Table 2 Computational values of -\(f^{\prime\prime}\left( 0 \right)\) for various values of \(\delta ,\lambda ,M,Kp\) when \(\beta = 1.0,\;\Pr = 7.0,\;{\text{Nc}} = 2.5,\;{\text{Nbt}} = 2.0,\;{\text{Le}} = 10,\;{\text{Sc}} = 5.0,\;R = 0.5\)
Table 3 Computational values of \(- \theta^{\prime}\left( 0 \right)\) and \(- \varphi^{\prime}\left( 0 \right)\) for various values of \(\delta ,\beta ,\lambda ,\Pr ,{\text{Nc}},{\text{Nbt}}\) when \({\text{Le}} = 10,\;{\text{Sc}} = 5,\;M = 0.5,\;R = 0.5\;{\text{and}}\; Kp = 0.2\)
Table 4 Numerical computations of \(- \theta^{\prime}\left( 0 \right)\) and \(- \varphi^{\prime}\left( 0 \right)\) for different values of \({\text{Le}},{\text{Sc}},M,R,Kp\)

6 Final Remarks

A numerical study of MHD Williamson nanofluid passing through a stretched surface is performed, taking into consideration the effects of heat radiation and the porous medium. The findings are obtained using the Keller-Box approach. The influence of several critical flow parameters on three fluid flow profiles is described using a graphical representation form. The following are the major conclusions drawn from the preceding discussion:

  • In the presence of increasing magnetic field (M) and permeability parameter values, it is predicted that the velocity profile would diminish.

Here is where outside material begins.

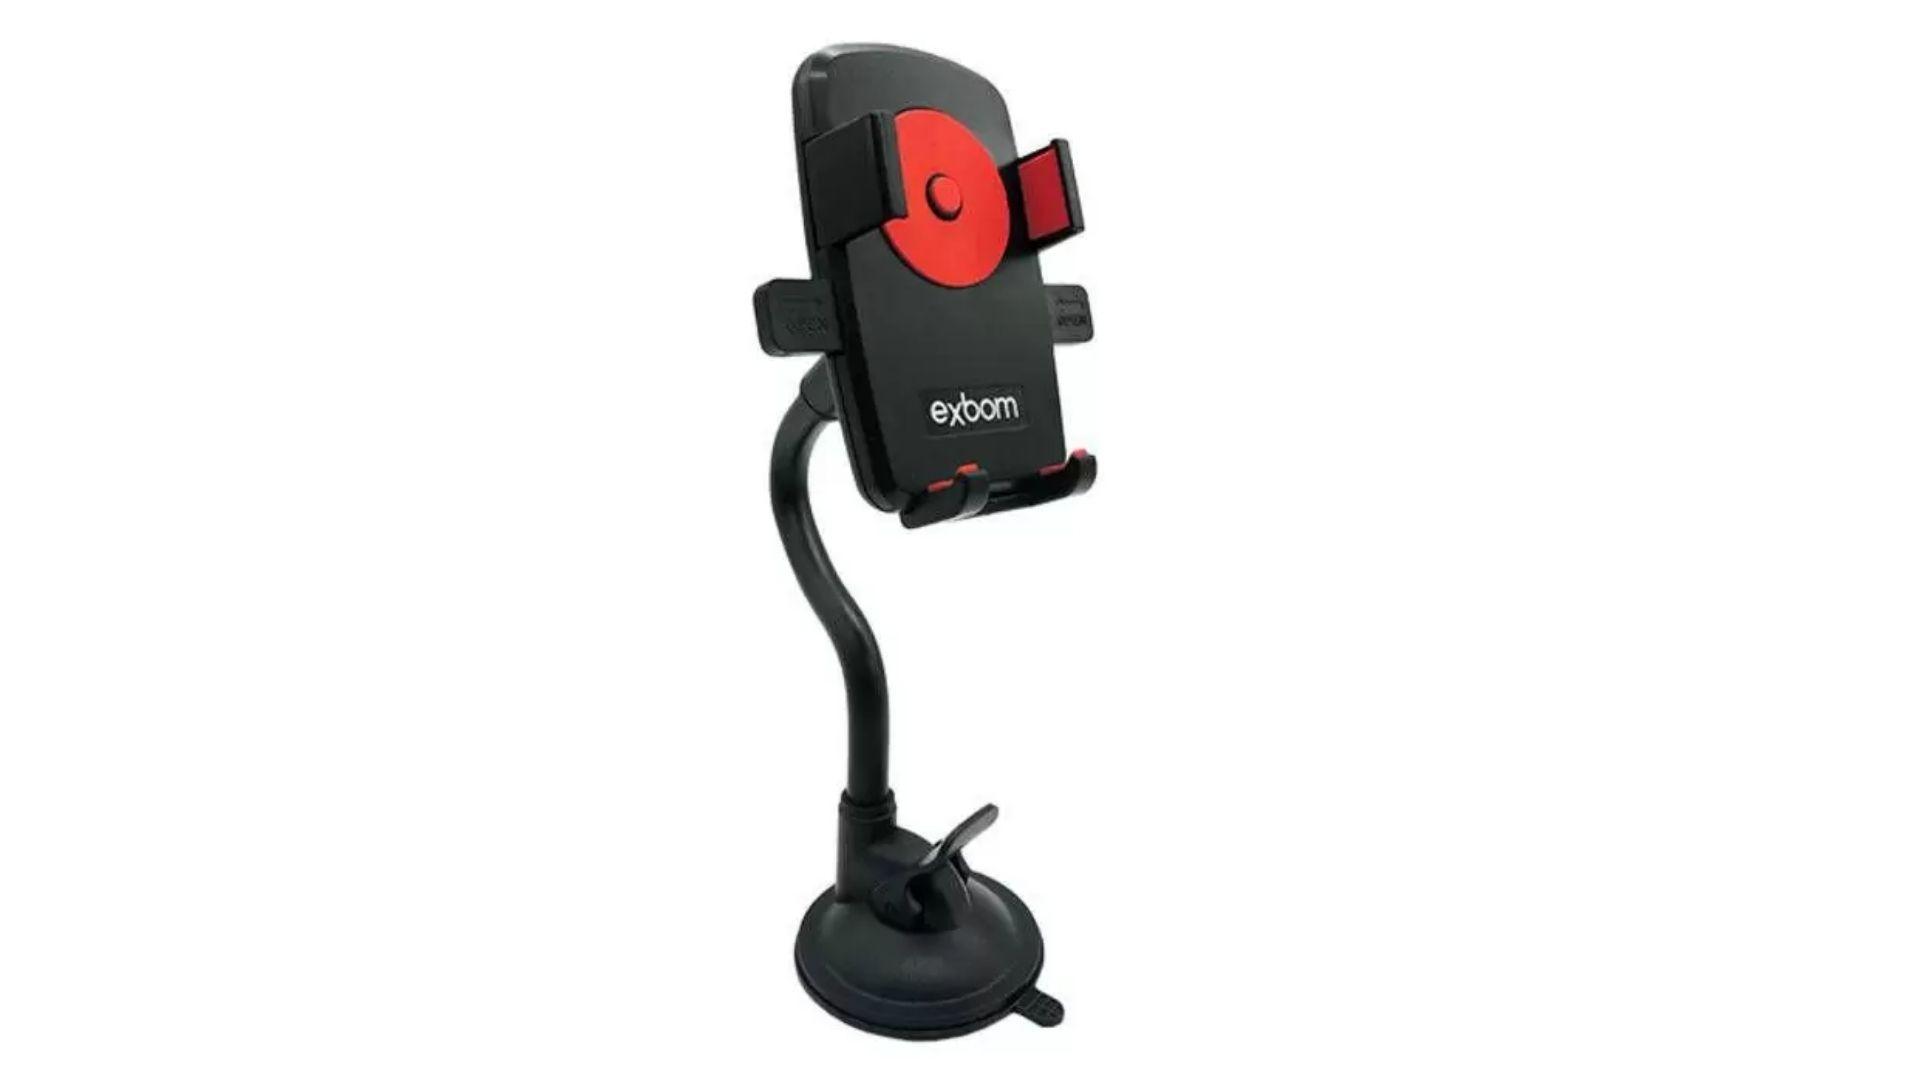 Suporte de celular para carro na cor preta com detalhe em vermelho no meio e em fundo branco

  • While an increase in the value of \(\delta\) reduces the velocity, but heat and mass transfer gradients exhibit the opposite pattern

  • For larger values of Williamson parameter, a drop in velocity field is seen, along with an upsurge in temperature and concentration.

  • As the values of Nc and R increase, the fluid temperature increases; however, the reverse trend is seen as the values of Pr, Le, and Nbt increase.

  • The temperature and concentration profiles become more pronounced as M increases, but thermal slip factor \(\beta\) has the reverse trend.

  • The fluid concentration gradients diminish as enhanced values of Nbt and Schmidt number (Sc).

  • Enhancement in the values of Pr against Le, and Nc versus Nbt, all contribute to an increase in the magnitude of heat transfer rate.